Bug 206716

Summary: HPN-SSH: getsockopt(SO_SNDBUF) returns high watermark, not setsockopt(SO_SNDBUF)
Product: Base System Reporter: Chris Stankevitz <chris-freebsd-bugs>
Component: binAssignee: freebsd-bugs (Nobody) <bugs>
Status: Closed Works As Intended    
Severity: Affects Only Me CC: amd64, des, timon
Priority: ---    
Version: 10.1-RELEASE   
Hardware: amd64   
OS: Any   

Description Chris Stankevitz 2016-01-28 19:22:22 UTC
getsockopt(SO_SNDBUF) does not return the value set by getsockopt(SO_SNDBUF).

HPN-SSH would like to determine the value set by setsockopt(SO_SNDBUF) so that it can fill it up.  This helps to use more bandwidth on a high BDP link.

HPN-SSH  tries to determine this value by periodically calling getsockopt(SO_SNDBUF) at [1]. However, on FreeBSD, getsockopt(SO_SNDBUF) does not return the value set by setsockopt(SO_SNDBUF).  Rather it returns the "high watermark".

The net result is that on high BDP links, HPN-SSH does nothing to increase bytes-in-flight.

[1] /usr/src/crypto/openssh/roaming_common.c line 59 in get_snd_buf_size: getsockopt(fd, SOL_SOCKET, SO_SNDBUF, &optval, &optvallen)
Comment 1 Chris Stankevitz 2016-01-29 00:42:59 UTC
Typo on the first line of comment #0: get->set

getsockopt(SO_SNDBUF) does not return the value set by setsockopt(SO_SNDBUF).
Comment 2 Mark Linimon freebsd_committer freebsd_triage 2016-01-29 05:04:17 UTC
des@, is this of interest?
Comment 3 Dag-Erling Smørgrav freebsd_committer freebsd_triage 2016-01-29 08:29:42 UTC
No, this is a kernel issue.
Comment 4 timon 2016-03-02 18:43:09 UTC
Maybe I miss something, but looks like there is no bug in FreeBSD.
Yes, on FreeBSD getsockopt(..., SO_SNDBUF, ...) returns "high watermark", but
setsockopt(..., SO_SNDBUF, ...) attempts to resize the buffer and, on success, sets "high watermark" to the new buffer size.

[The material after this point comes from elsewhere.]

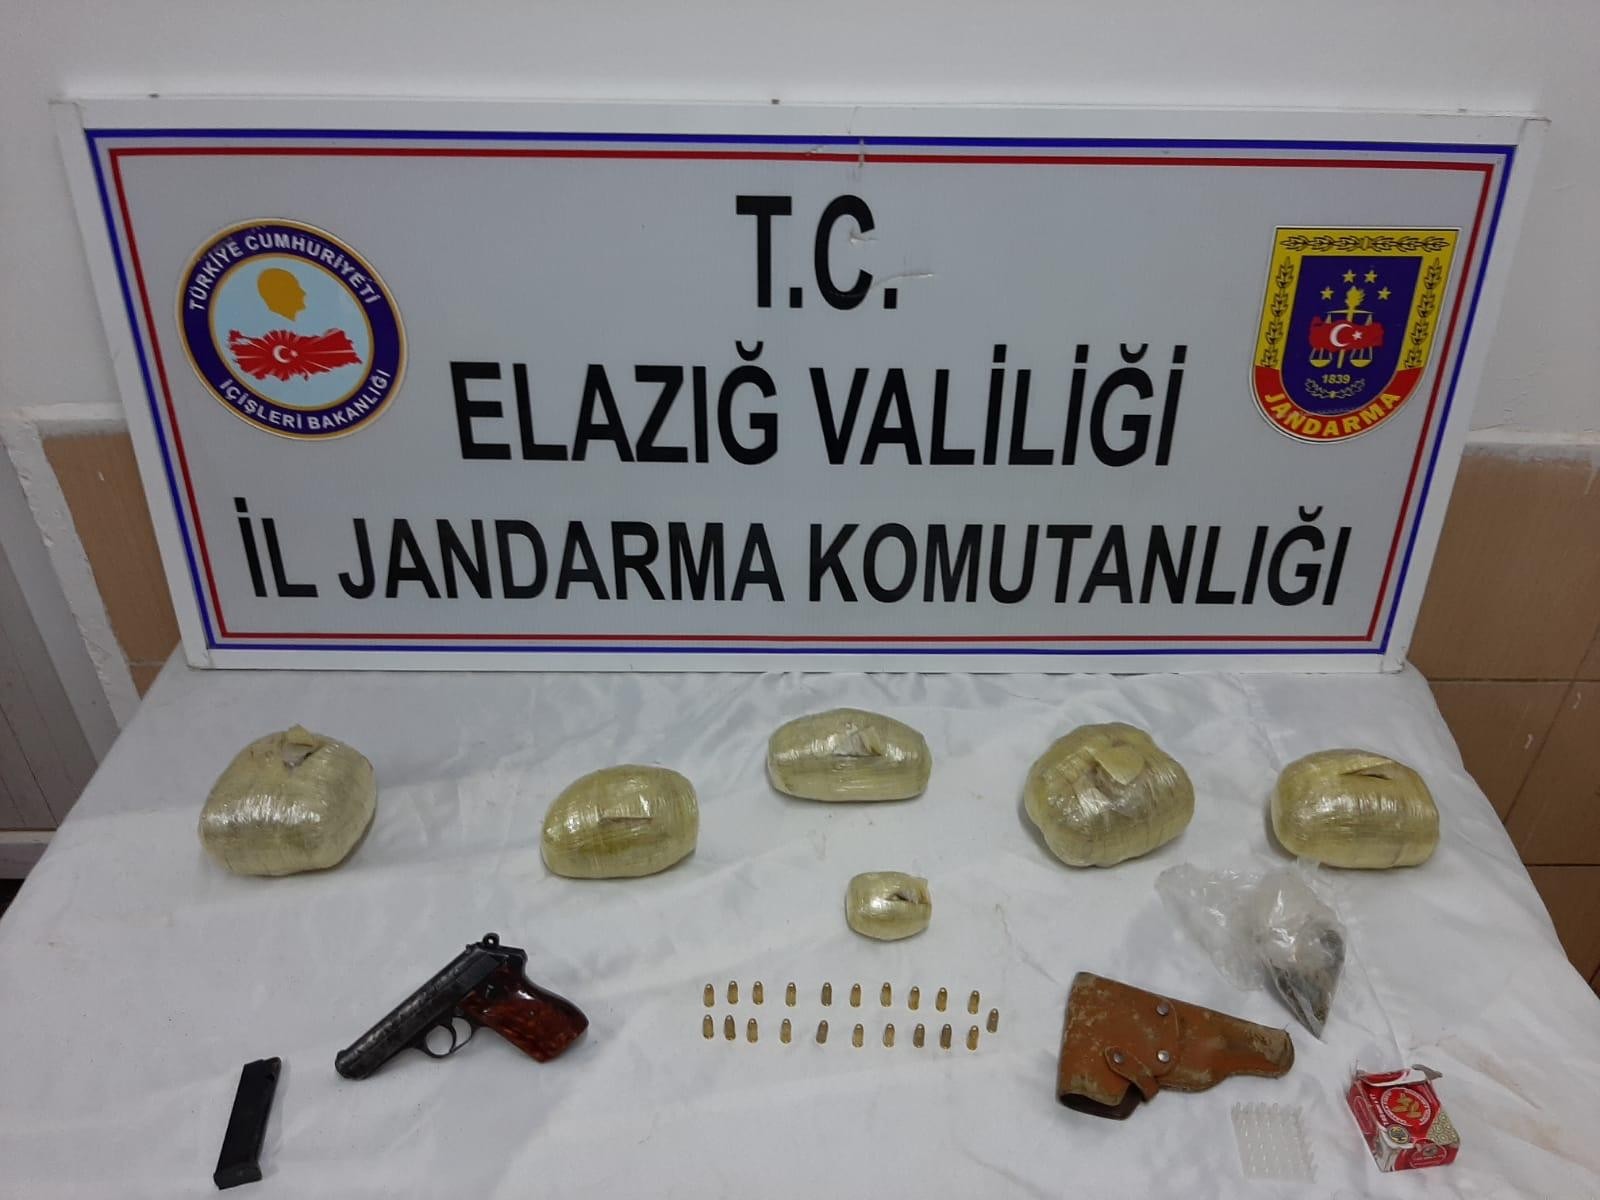 Elazığ’da uyuşturucu operasyonu: 2 şüpheli yakalandı #elazig

So getsockopt() returns the value set by getsockopt().

I have written a simple test and run it on the 10.1-RELEASE and 10.2-RELEASE:
-----8<-----
#include <sys/types.h>
#include <sys/socket.h>
#include <netinet/in.h>
#include <err.h>
#include <stdio.h>

int main () {
        int s, size;
        socklen_t sizelen;

        s = socket(AF_INET6, SOCK_RAW, IPPROTO_IP);

        sizelen = sizeof size;
        getsockopt(s, SOL_SOCKET, SO_SNDBUF, &size, &sizelen);
        printf("Current socket send buffer size: %i\n", size);
        size /= 2;
        setsockopt(s, SOL_SOCKET, SO_SNDBUF, &size, sizelen);
        getsockopt(s, SOL_SOCKET, SO_SNDBUF, &size, &sizelen);
        printf("New socket send buffer size: %i\n", size);
}
-----8<-----
$ cc test.so_sndbuf.c
$ sudo ./a.out 
Current socket send buffer size: 9216
New socket send buffer size: 4608
Comment 5 Chris Stankevitz 2016-03-28 21:49:04 UTC
(In reply to timon from comment #4)

Thank you.  I modified the example to increase the buffer size (vs. decrease) and I see the same thing.  It must be that the conclusions reached in this discussion are wrong:

== begin quote of [1] ==

So, I looked at what getsockopt SO_RCVBUF returns, and it returns: 
                case SO_RCVBUF: 
                        optval = so->so_rcv.sb_hiwat; 

Which is NOT S-BMAX, so it looks like OpenSSH only ever gets 66052 bytes 
for the buffer... 

If it's decided to base it's waiting for ack on SO_RCVBUF, then this 
is probably where the issue is... 

== end quote of [1] ===

So it sounds like this bug should be closed/worksforme.